Wednesday, December 3, 2008

Jane and Percival: A Lovely Scene

I like this picture so much. The low angle of the morning sun through the winter trees, the throngs await us in the distance, and I think I look FANTASTIC from the back. I do. And something about this picture reminds me of one of my favorite paintings, which is by Rousseau and shows the two little teeny summer carnival performers, a Pulcinella and a Colombina, I think maybe, in a forest in the evening. You can't really tell from the photo, but Richard's schaube is pleated in exactly the same way that my overskirt is done. I just notice these things. It's a nice picture! Tom Charney, my inventive and devoted husband, took all of the shots shown in this picture's Flickr set. Thank you, Tom; they're lovely.

The Wreathing of the Lions at the Chicago Art Institute was an amazing fun time. The weather forecasts were pointy, but I was quite comfortable in 50 pounds of upholstery fabric, strangely. It's nice to wear history clothes in something remotely like the weather during which it was probably conceived. It was a nice 45 degrees Fahrenheit out, and with the sole addition of a pair of soft red kid gloves (procured from a stand at the base of the Rialto Bridge in the real actual Venice FOR JUST THIS PURPOSE), I was toasty.

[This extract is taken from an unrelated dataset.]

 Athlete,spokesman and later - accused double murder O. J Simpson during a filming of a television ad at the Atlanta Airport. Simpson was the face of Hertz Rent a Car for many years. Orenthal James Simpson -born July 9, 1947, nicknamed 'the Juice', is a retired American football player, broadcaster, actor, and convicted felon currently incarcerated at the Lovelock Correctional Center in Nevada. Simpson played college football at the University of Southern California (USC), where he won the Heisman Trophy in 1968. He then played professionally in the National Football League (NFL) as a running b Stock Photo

Chicago pedestrians are ready for fun, especially on the Friday after Thanksgiving, on Michigan Avenue. We met and laughed with excited and intelligent people from all over Chicago, and, INDEED, all over the world.

Some people from China FINALLY taught me "bad monkey" in Chinese -- it sounds like, "hwai hoe-tze," but please do not attempt to pronounce it on your own. Let me help you when next we meet. There are inflections to consider, and if you rise when you should fall, or maintain when you should ascend, it changes the ENTIRE MEANING, and I have not yet learned any of the other things those syllables could mean. PLEASE BE CAREFUL.

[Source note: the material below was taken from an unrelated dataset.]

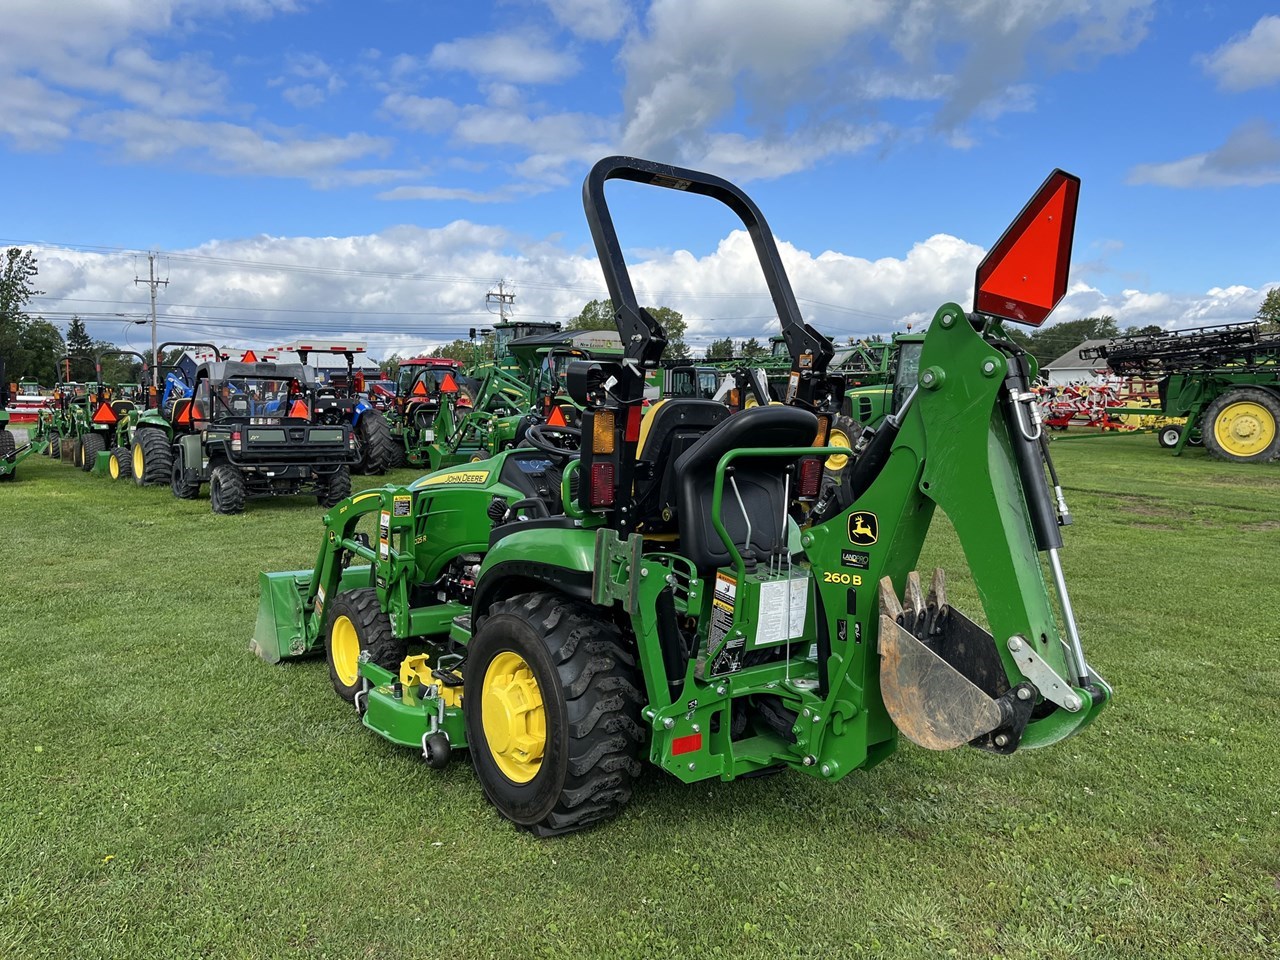 2021 John Deere 2025R Tractor - Compact Utility For Sale

After I met the Chinese people who taught me the "bad monkey" in Chinese, I encountered ten or so other families and groups of tourists who were also from China, and you know it's become something of a sport with me to surprise people by having my first comprehensible speech to them be "bad monkey" in their own language. The special kind of shocked smile it extracts is, frankly, addictive.

I said "bad monkey" to people in Russian, Swedish ("POORLY FUNCTIONING MONKEY"), German, Portuguese, French, Spanish (Mexican variety of Spanish, not Spain variety), and of course Chinese, but there was a moment when I met a family from India, and paw through my little Boke of Notes as I might, I couldn't find where I'd written how to say it in Hindi. I must make it a particular priority to alphabetize my list by country and then cross-index it by language name. That will create a Good Opportunity for Procrastination.

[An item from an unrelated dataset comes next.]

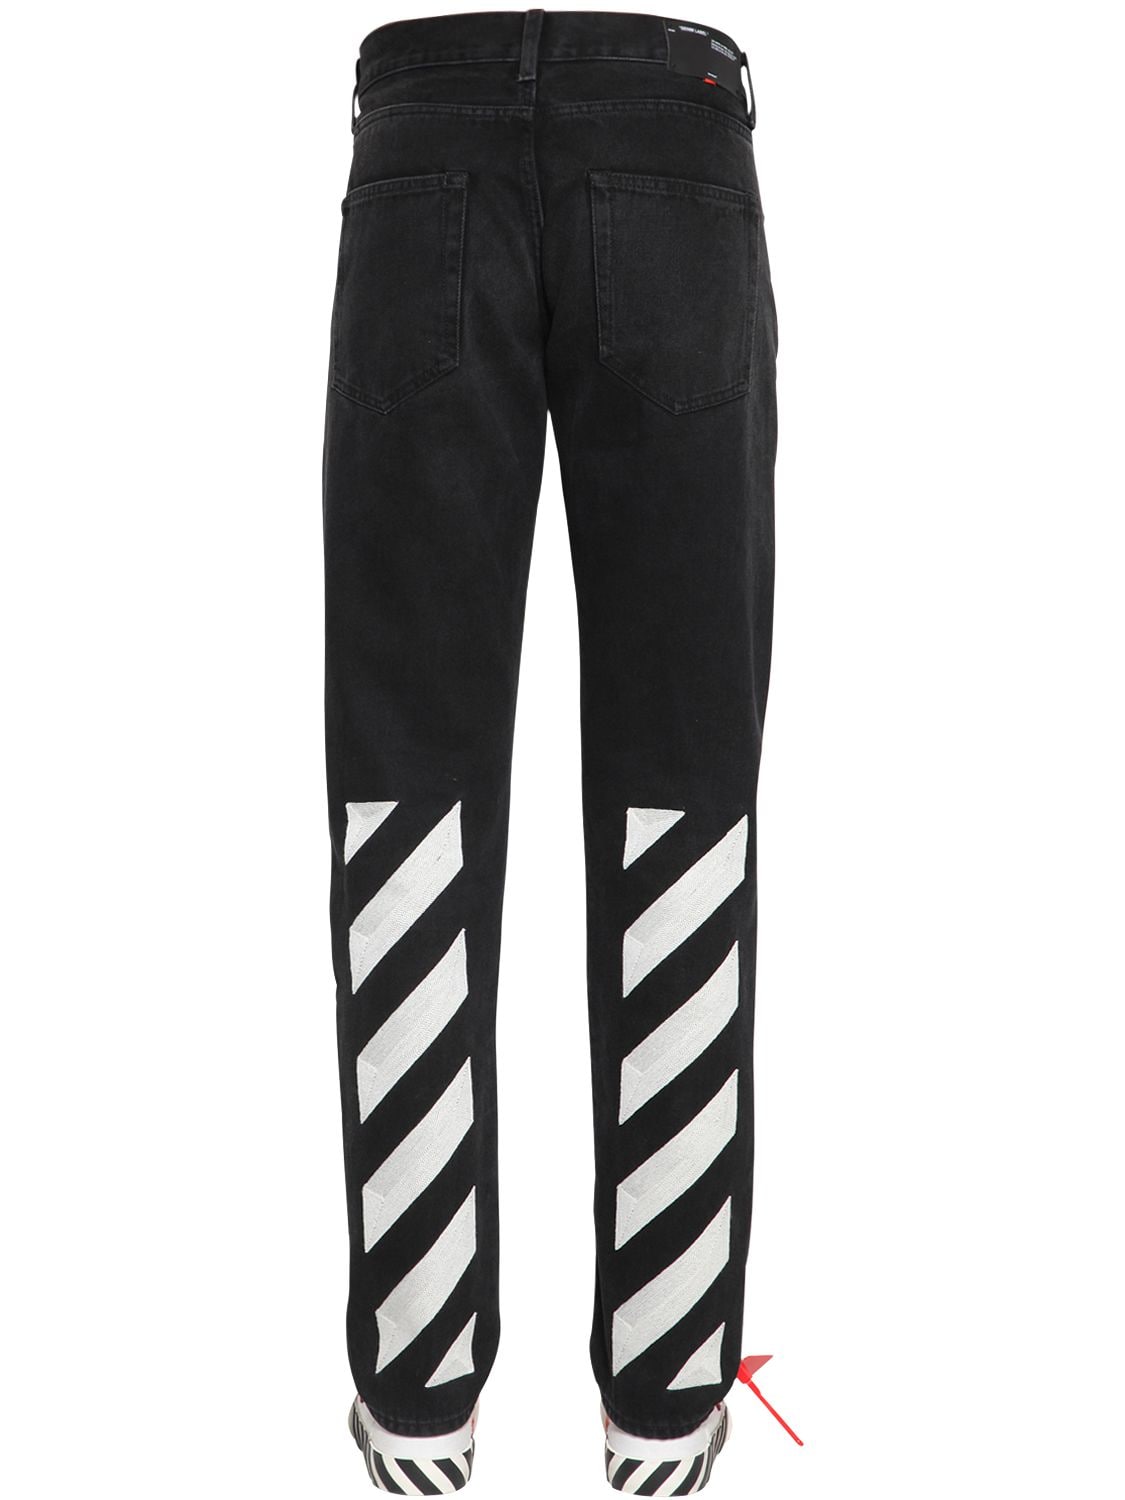 off white jeans with stripes

Richard Weber was flawless as Lord Percival Degage. Many of you who know me from the Bristol Renaissance Faire will now announce to whatever room you're in, "But that's what he wears when he plays Bristol's Lord Mayor!" BUT!!! He is ALSO wearing a mink stole with wide gold trim. You cannot see it in this shot so well, but believe me, he's wearing it, and that, friends, makes ALL the difference.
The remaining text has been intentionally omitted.